▶ **Required work**
Repeat exactly the lines of the records below, starting at the line containing "I am a fire, and" and ending at the line containing "Grit for Boys". Leave the pictures out.

▶ **The data**
%%
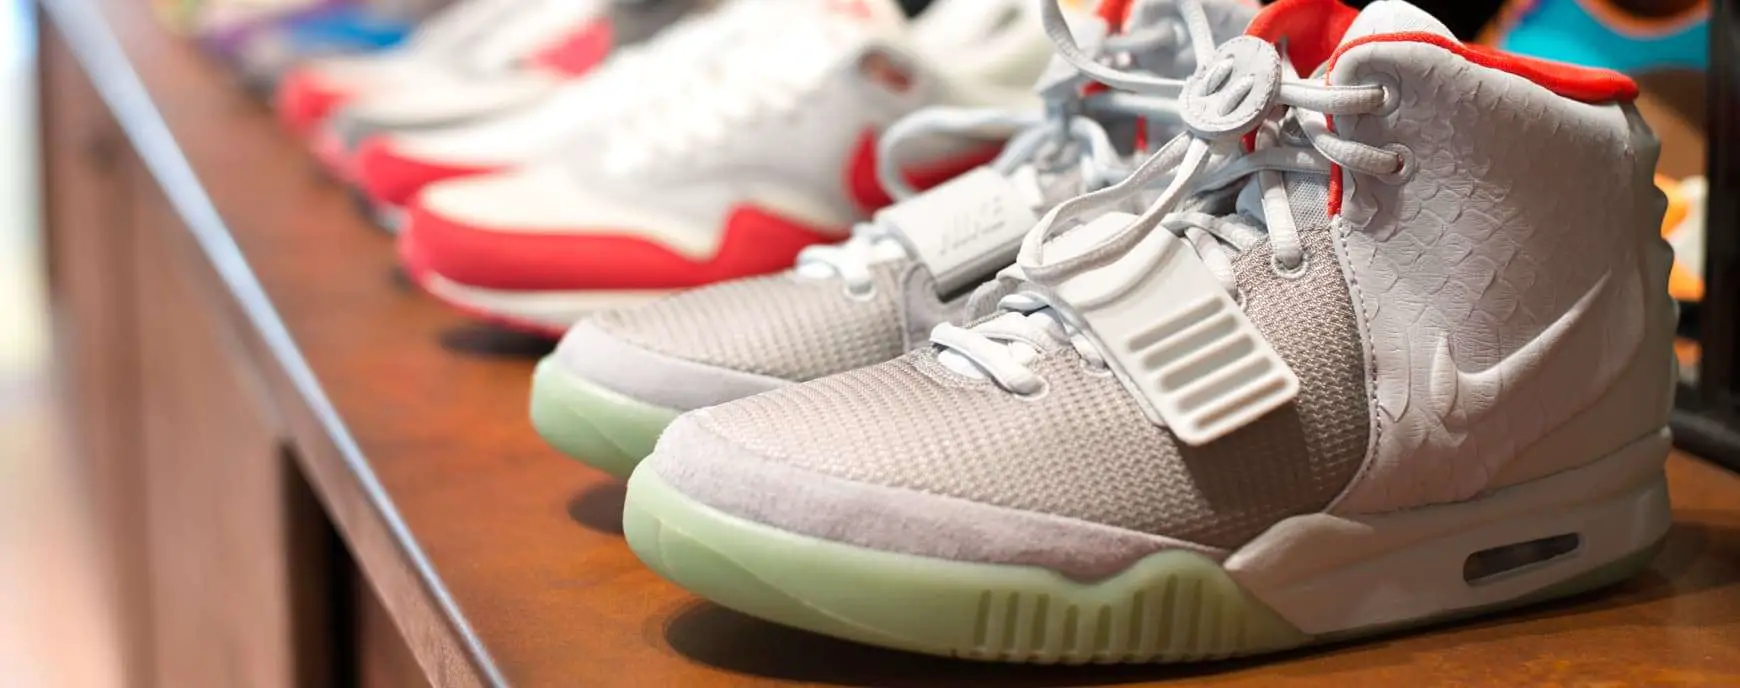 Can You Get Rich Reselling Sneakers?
%%
%%
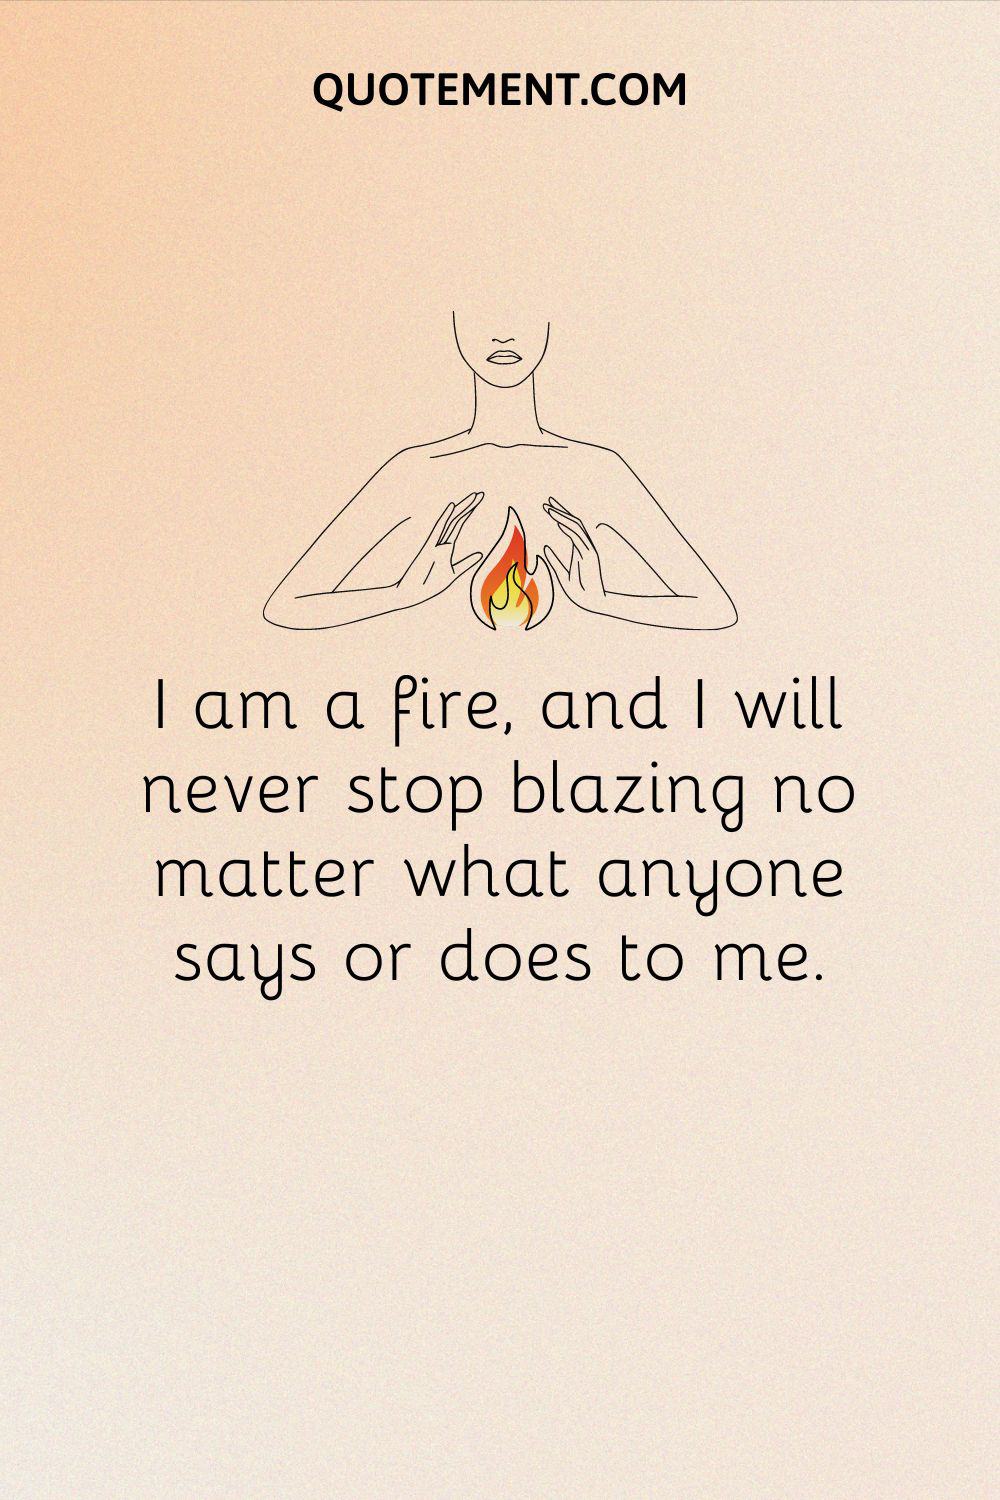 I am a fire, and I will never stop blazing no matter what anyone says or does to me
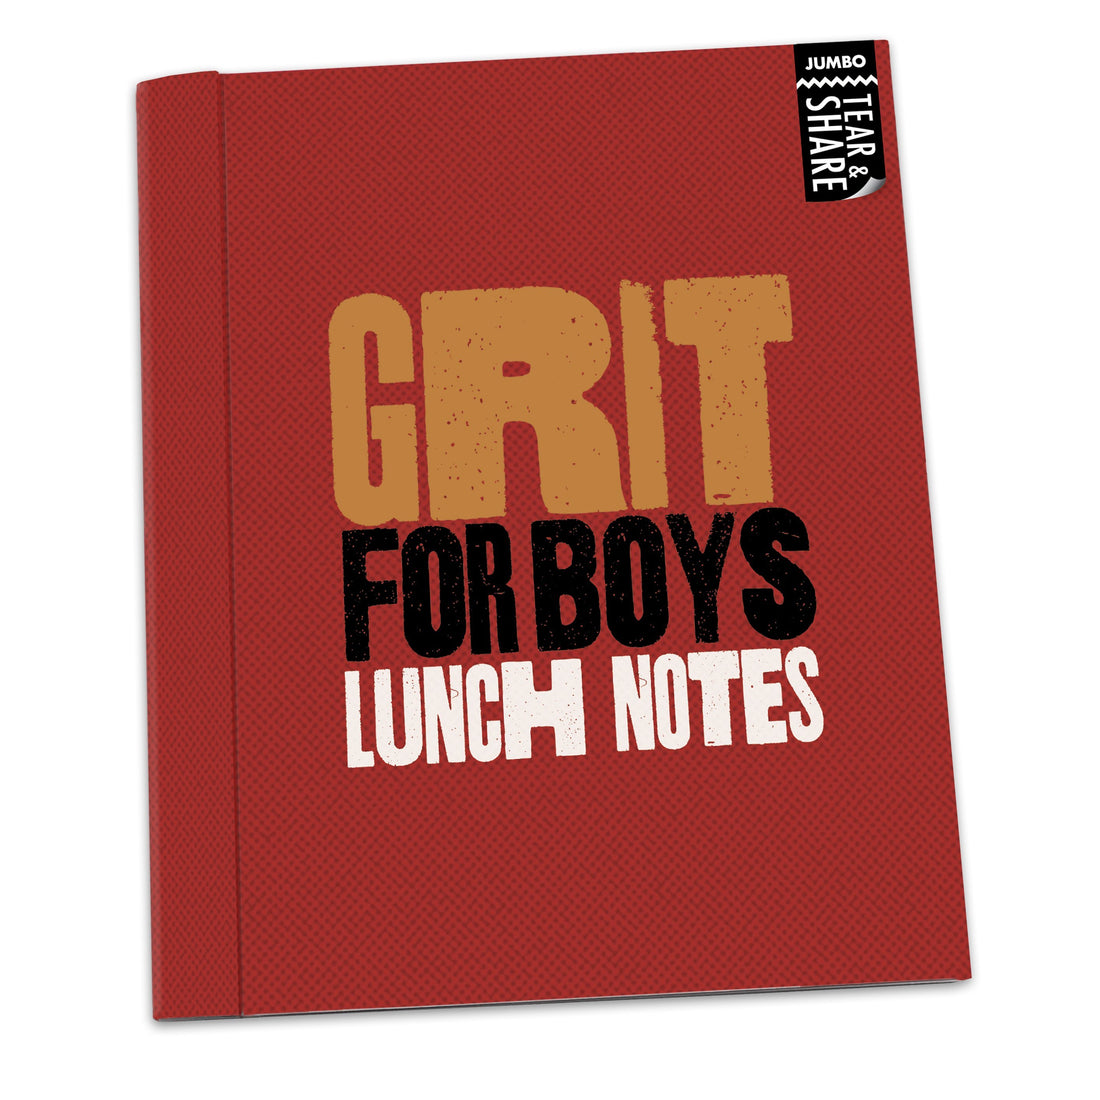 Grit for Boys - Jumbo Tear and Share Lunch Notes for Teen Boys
%%
▶ **Output of the exercise**
 I am a fire, and I will never stop blazing no matter what anyone says or does to me
 Grit for Boys - Jumbo Tear and Share Lunch Notes for Teen Boys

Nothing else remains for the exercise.